OpenStack-Ansible

ceph_client: client commands should be executed by non-root user

Bug #1773925 reported by Juha Kosonen on 2018-05-29

This bug affects 2 people

Affects		Status	Importance	Assigned to	Milestone
	OpenStack-Ansible	Fix Released	Wishlist	Dmitriy Rabotyagov

Bug Description

When root login is disabled in target host, one should use non-root sudo user in login and execution of following task in tasks/ceph_get_mon_host.yml:

# look for 1 ceph monitor host that is up
- name: Verify Ceph monitors are up
  local_action: >
    command ssh
    -o ConnectTimeout=6
    -o UserKnownHostsFile=/dev/null
    -o StrictHostKeyChecking=no
    {{ item }}
    exit
  with_items: "{{ ceph_mons }}"
  changed_when: false
  failed_when: false
  register: ceph_mon_upcheck

Revision history for this message

Kevin Carter (kevin-carter) wrote on 2018-05-29:

Hi Juha, Were you able to resolve this issue? if so how?

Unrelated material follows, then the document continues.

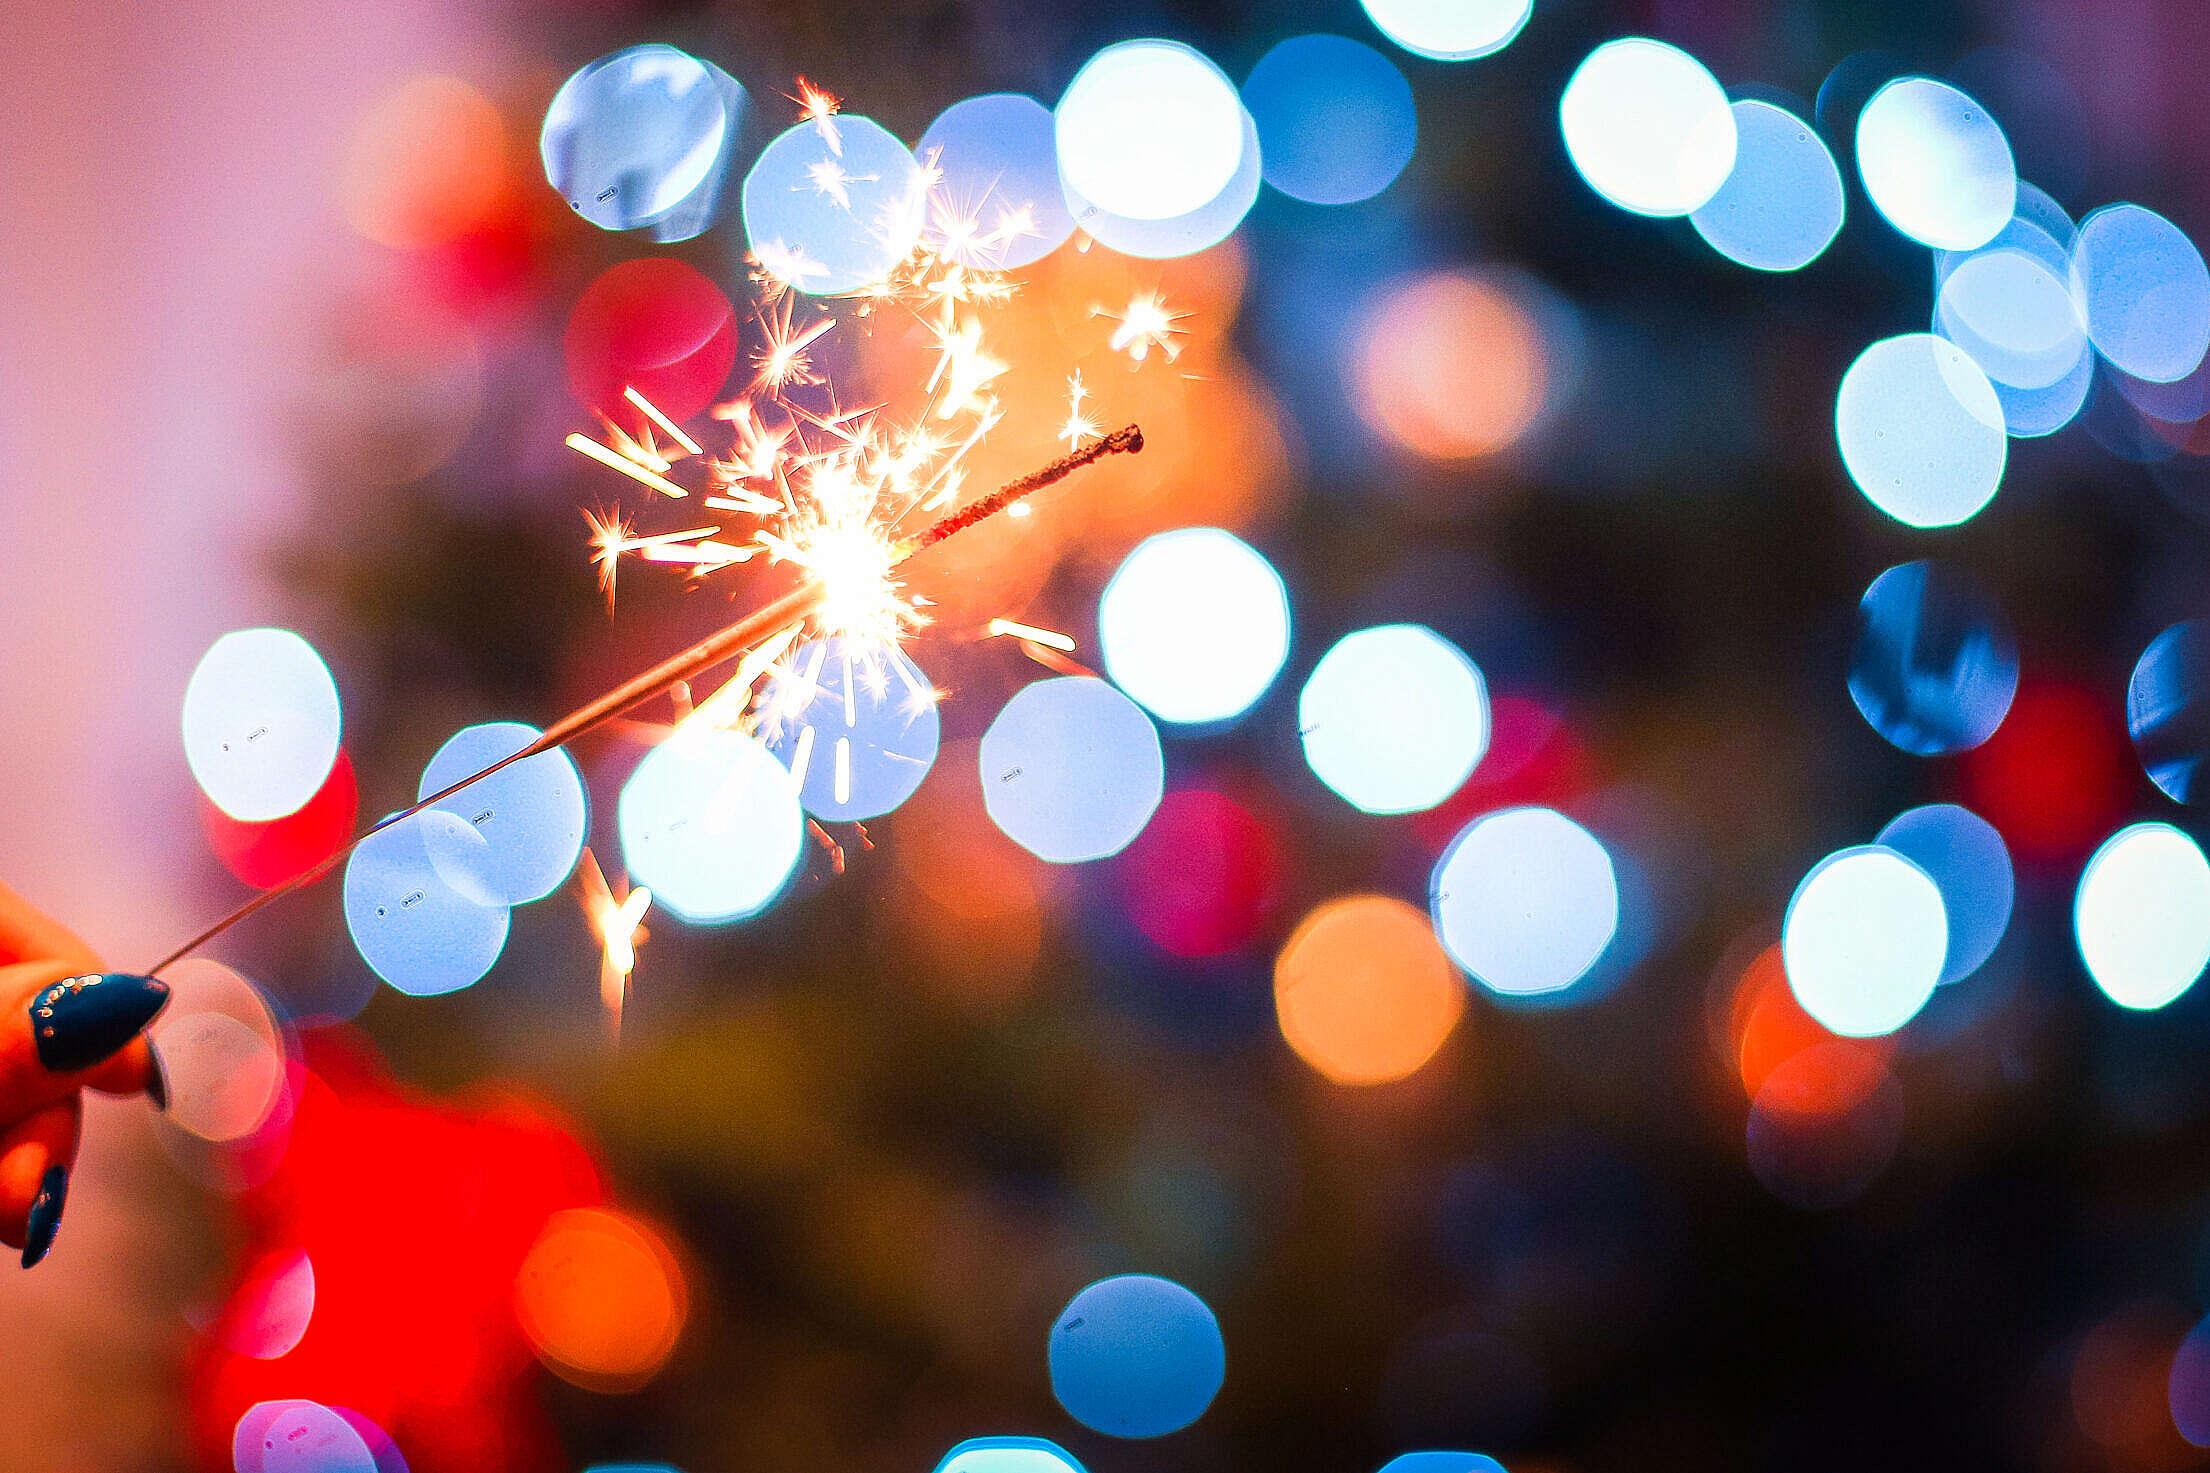 Christmas Sparklers Fun Free Stock Photo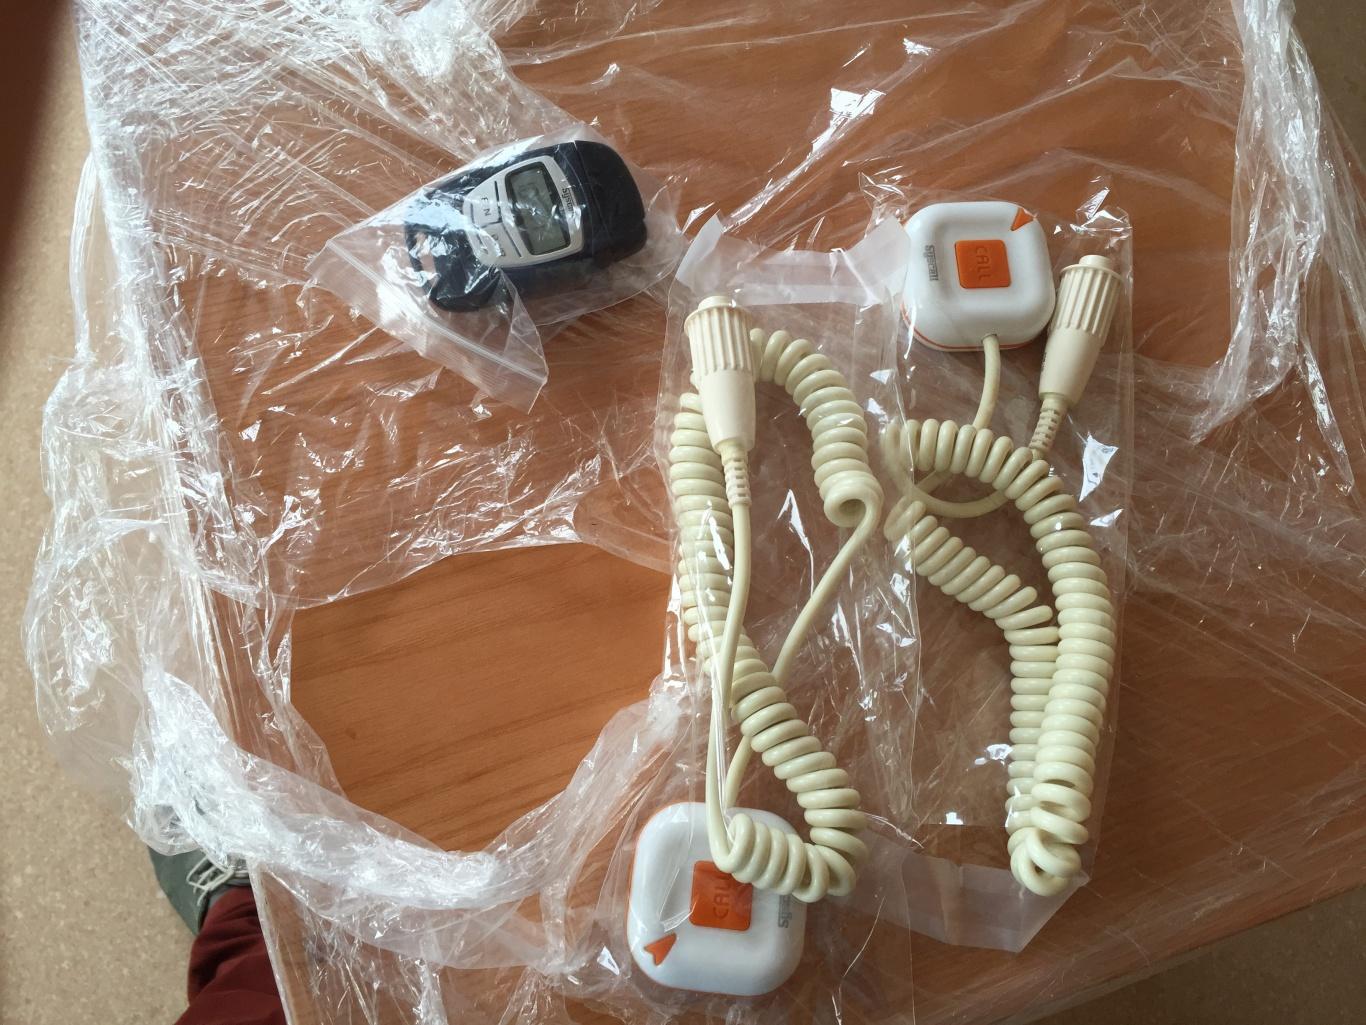 những nút chuông gọi y tá WS-100 được chuẩn bị để lắp đặt tại phòng khám

Looks like we need to do some work in the ceph client role to remove root assumptions. Given that this is a known requirement of the playbooks we're marking this as wishlist however if there's something we can do to help this along please report the steps to resovle here or join the OSA channel and let us know how best to assist.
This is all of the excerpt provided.